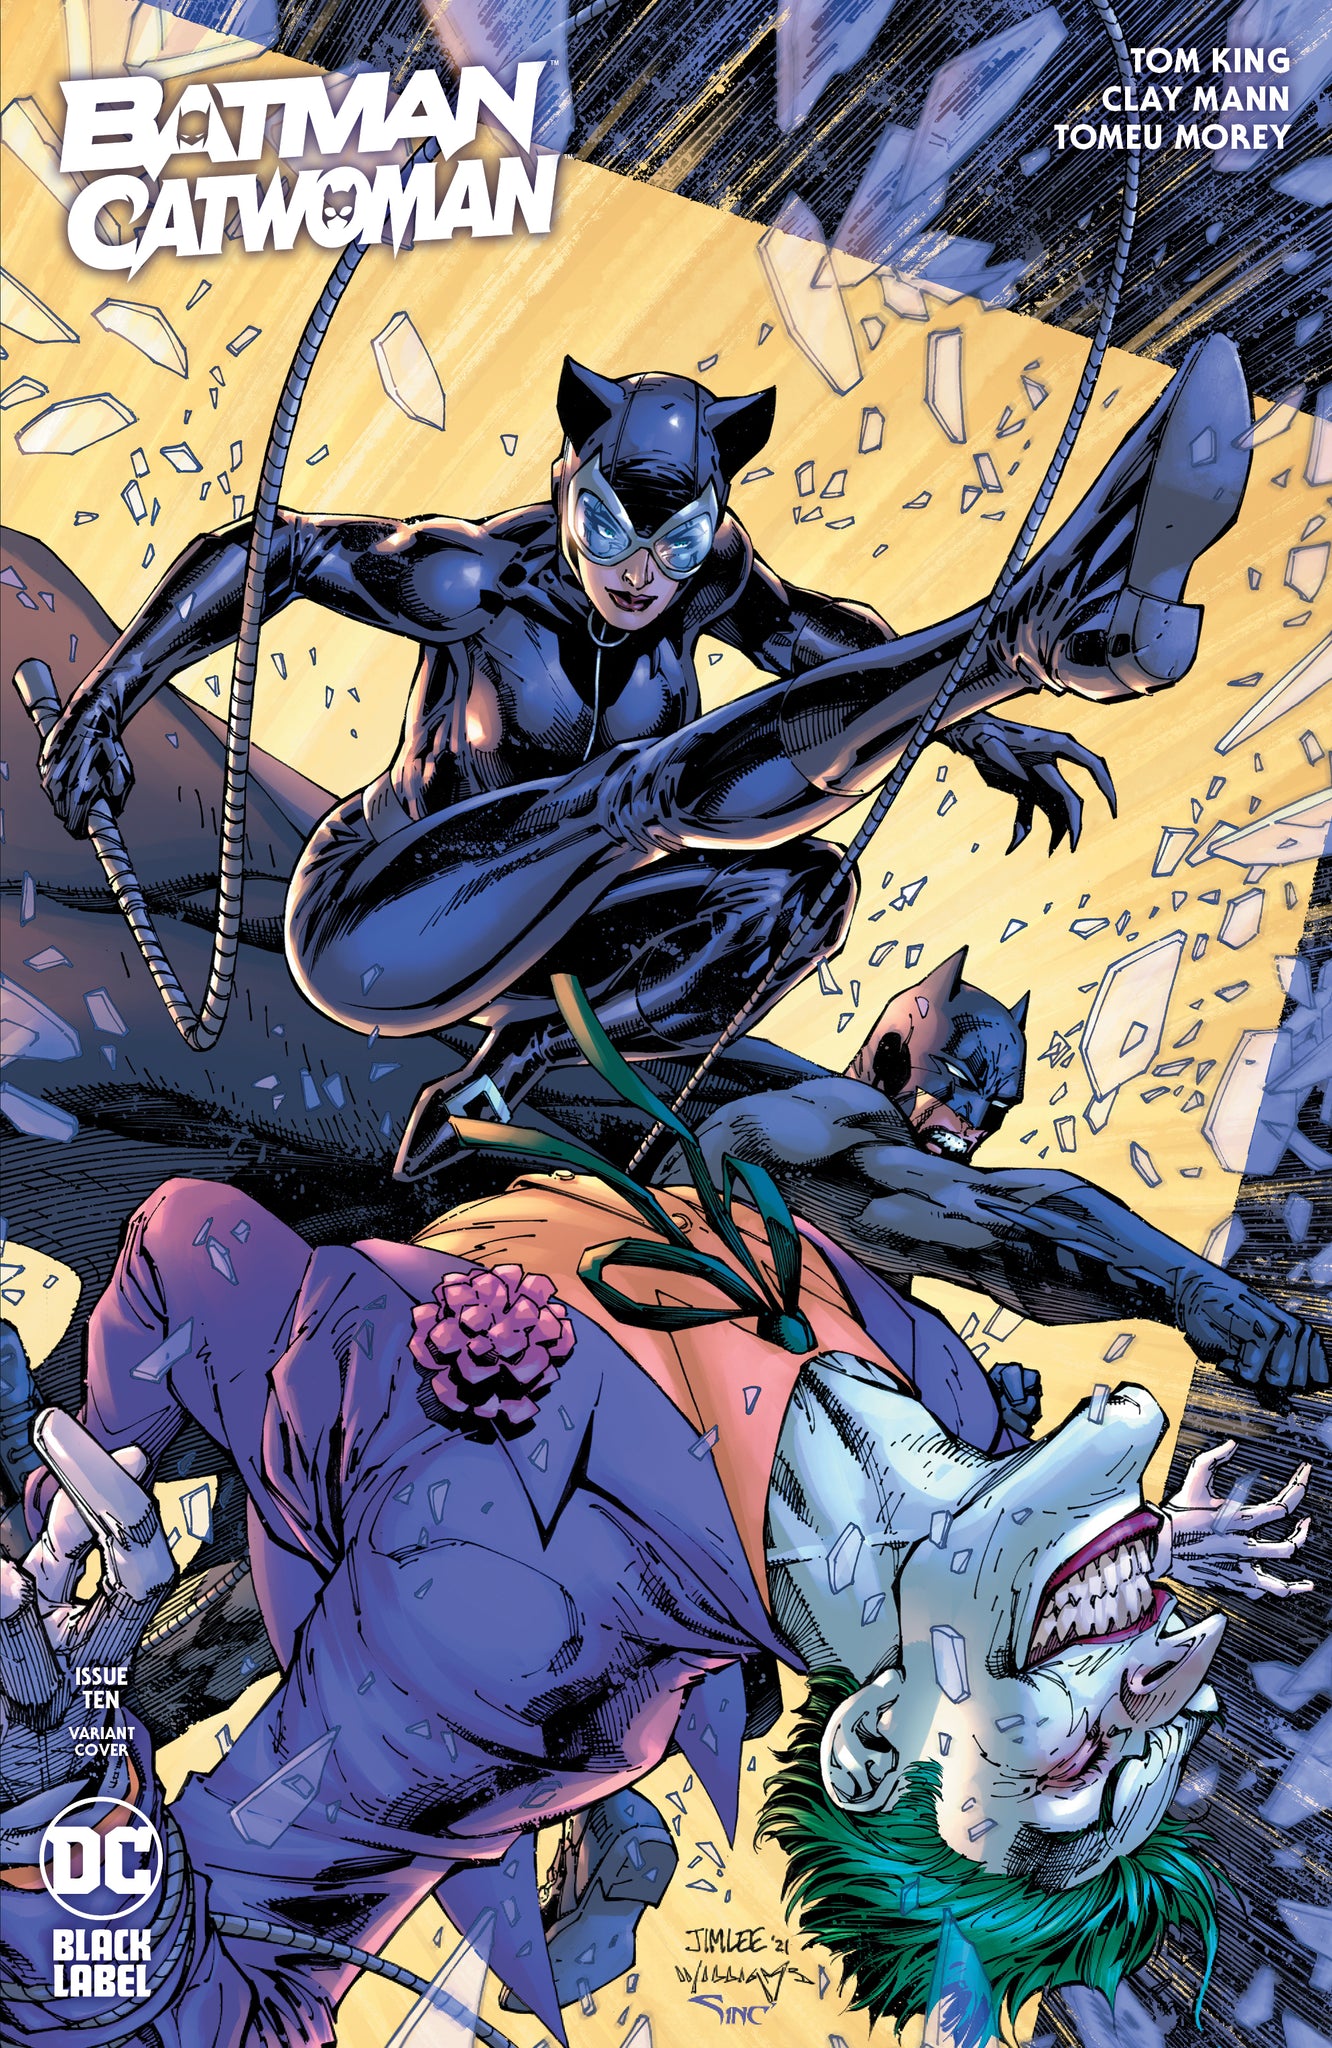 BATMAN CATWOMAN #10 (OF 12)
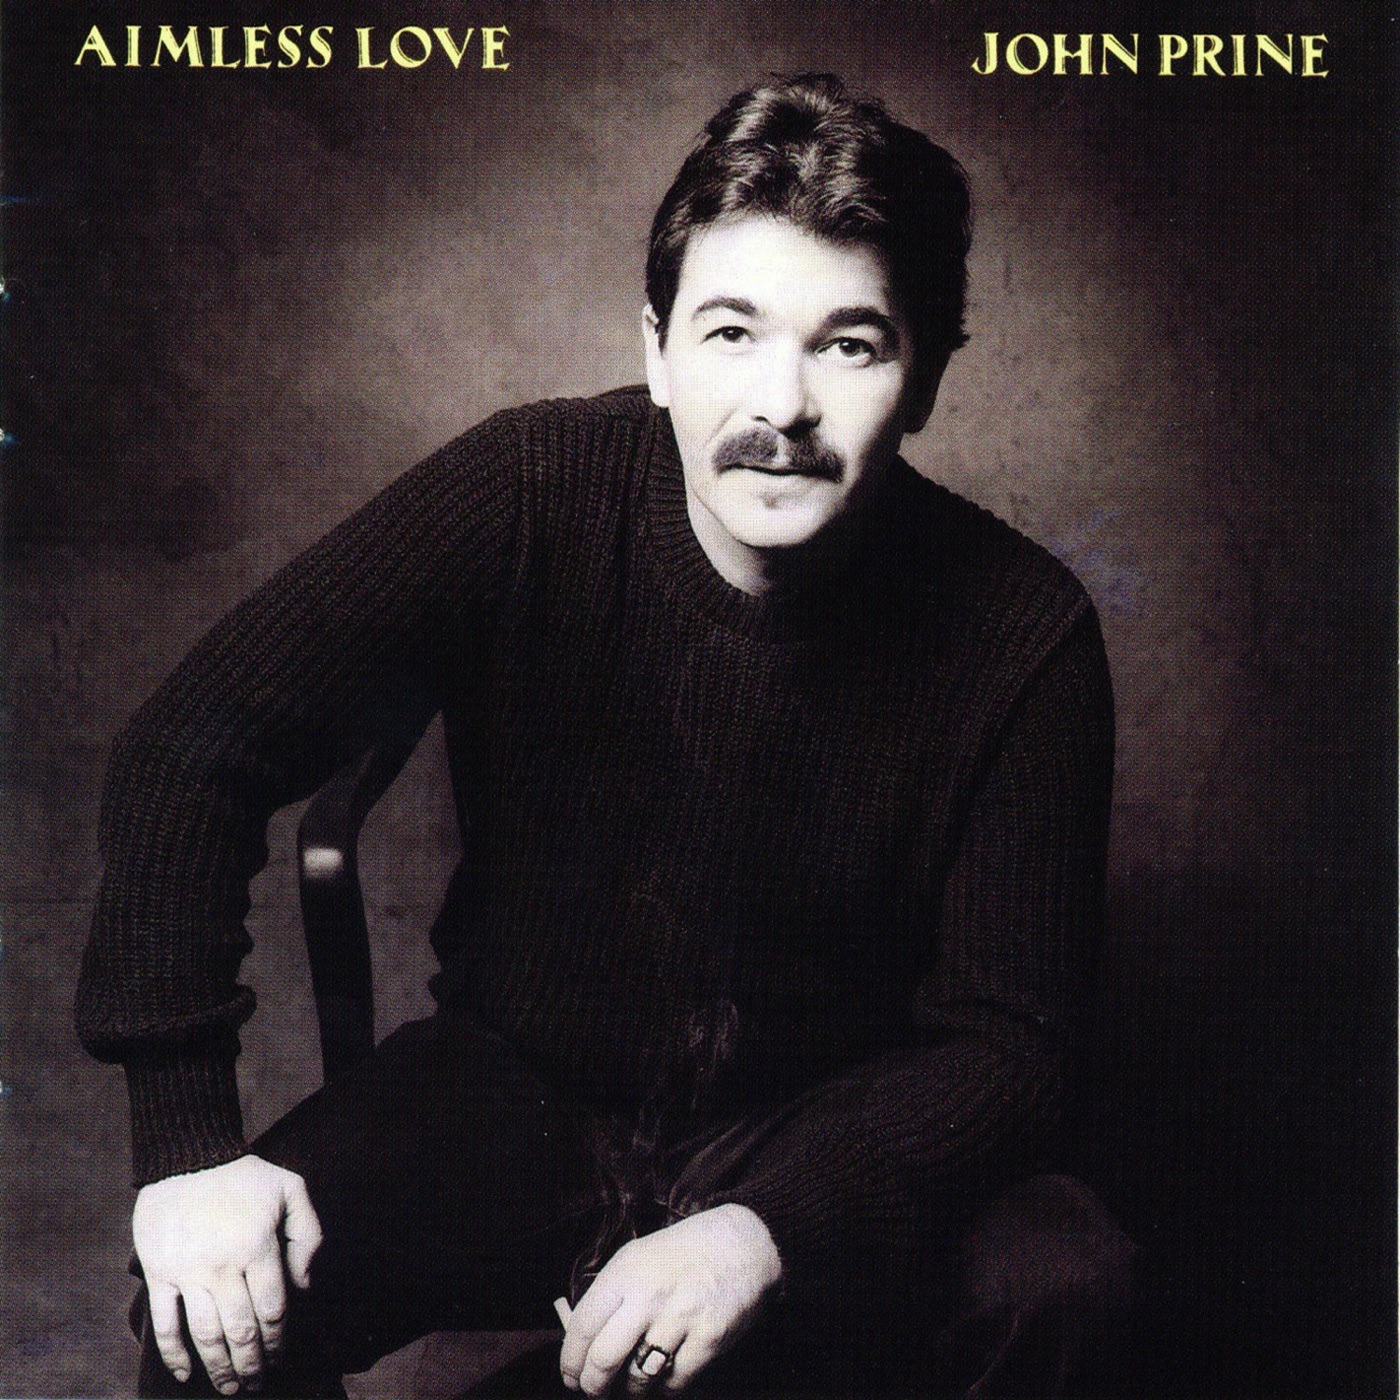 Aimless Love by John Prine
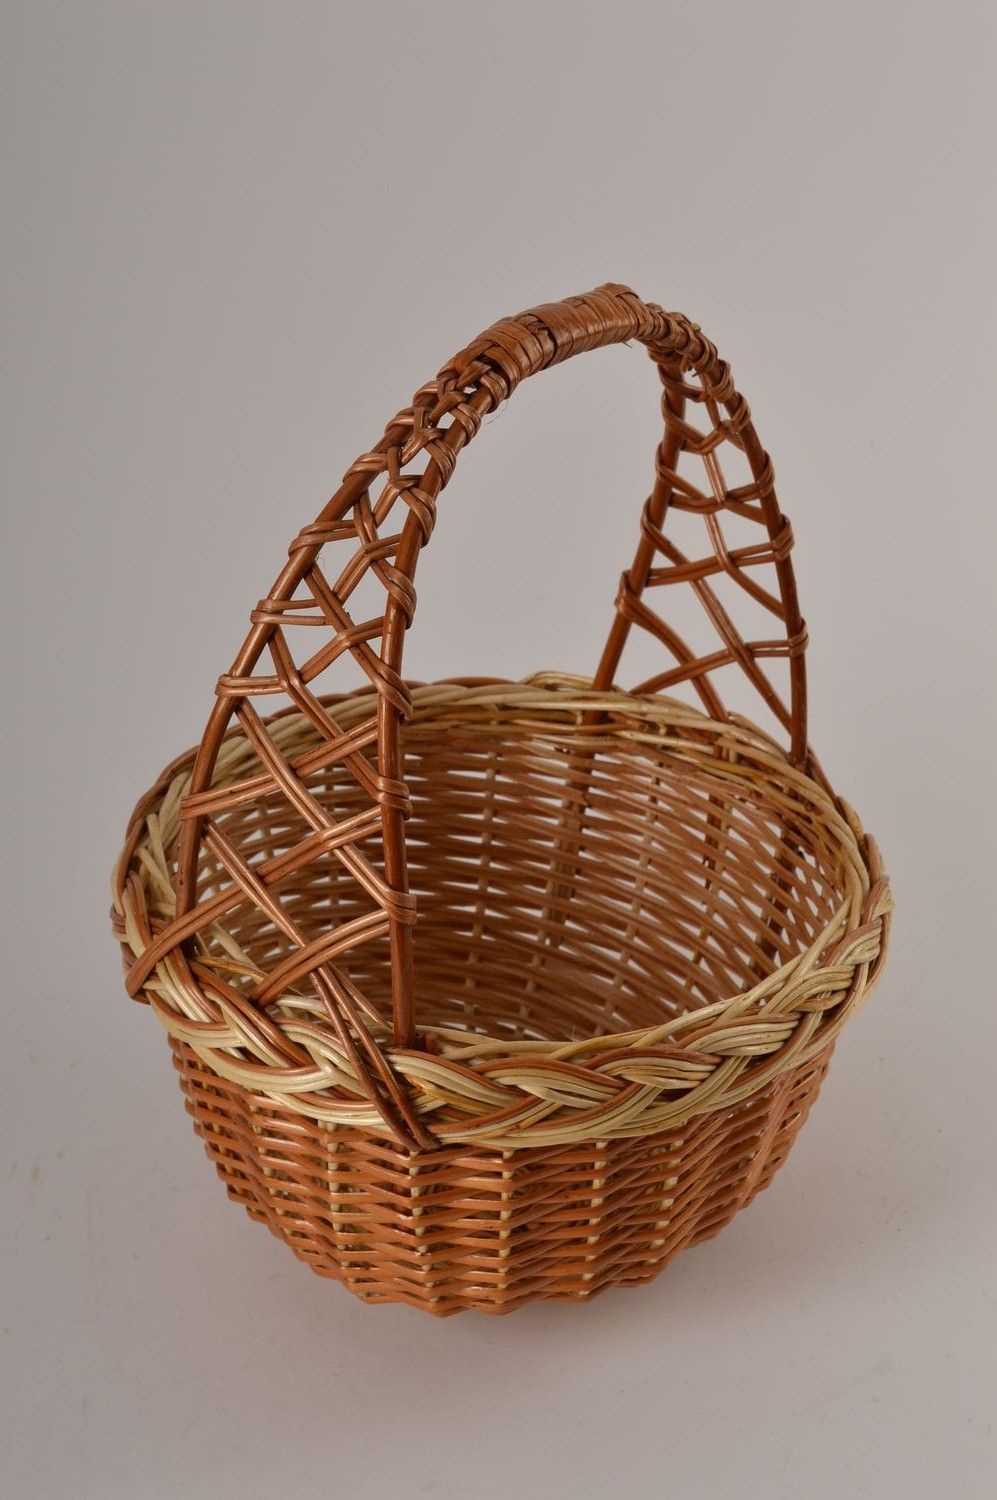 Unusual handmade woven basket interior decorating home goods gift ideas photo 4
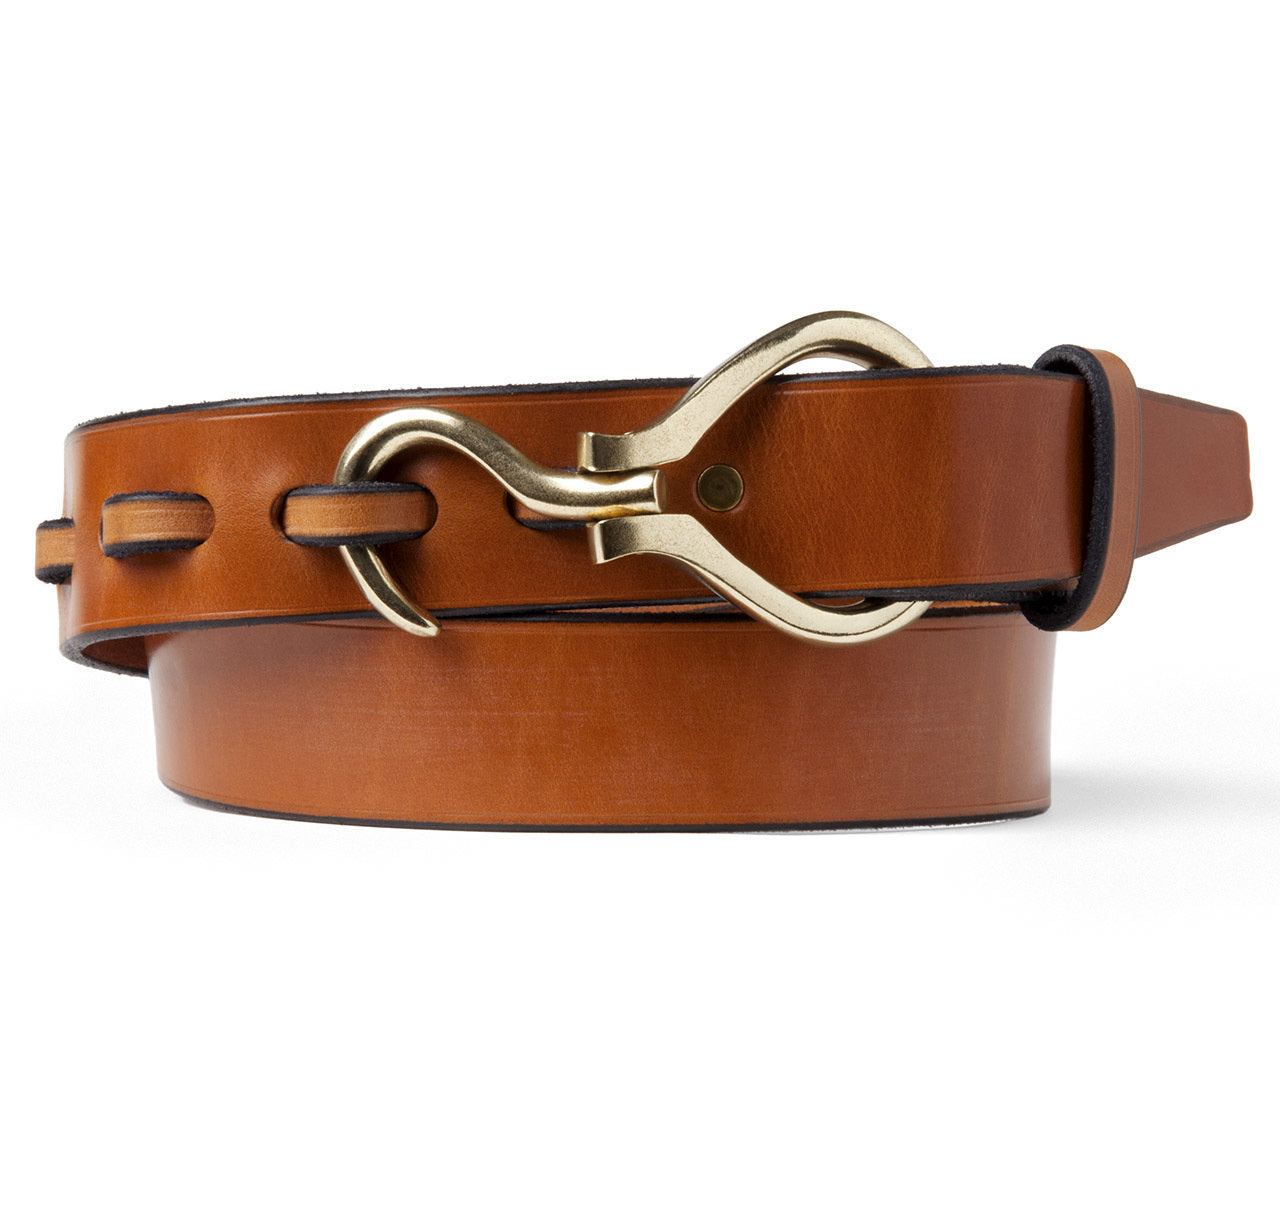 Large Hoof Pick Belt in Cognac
====
**What is required**
Pictures are to be dropped, and the lines from the line with "Aimless Love by John Prine" through the end of the material above are to be reproduced exactly.

**Solved problem**
 Aimless Love by John Prine
 Unusual handmade woven basket interior decorating home goods gift ideas photo 4
 Large Hoof Pick Belt in Cognac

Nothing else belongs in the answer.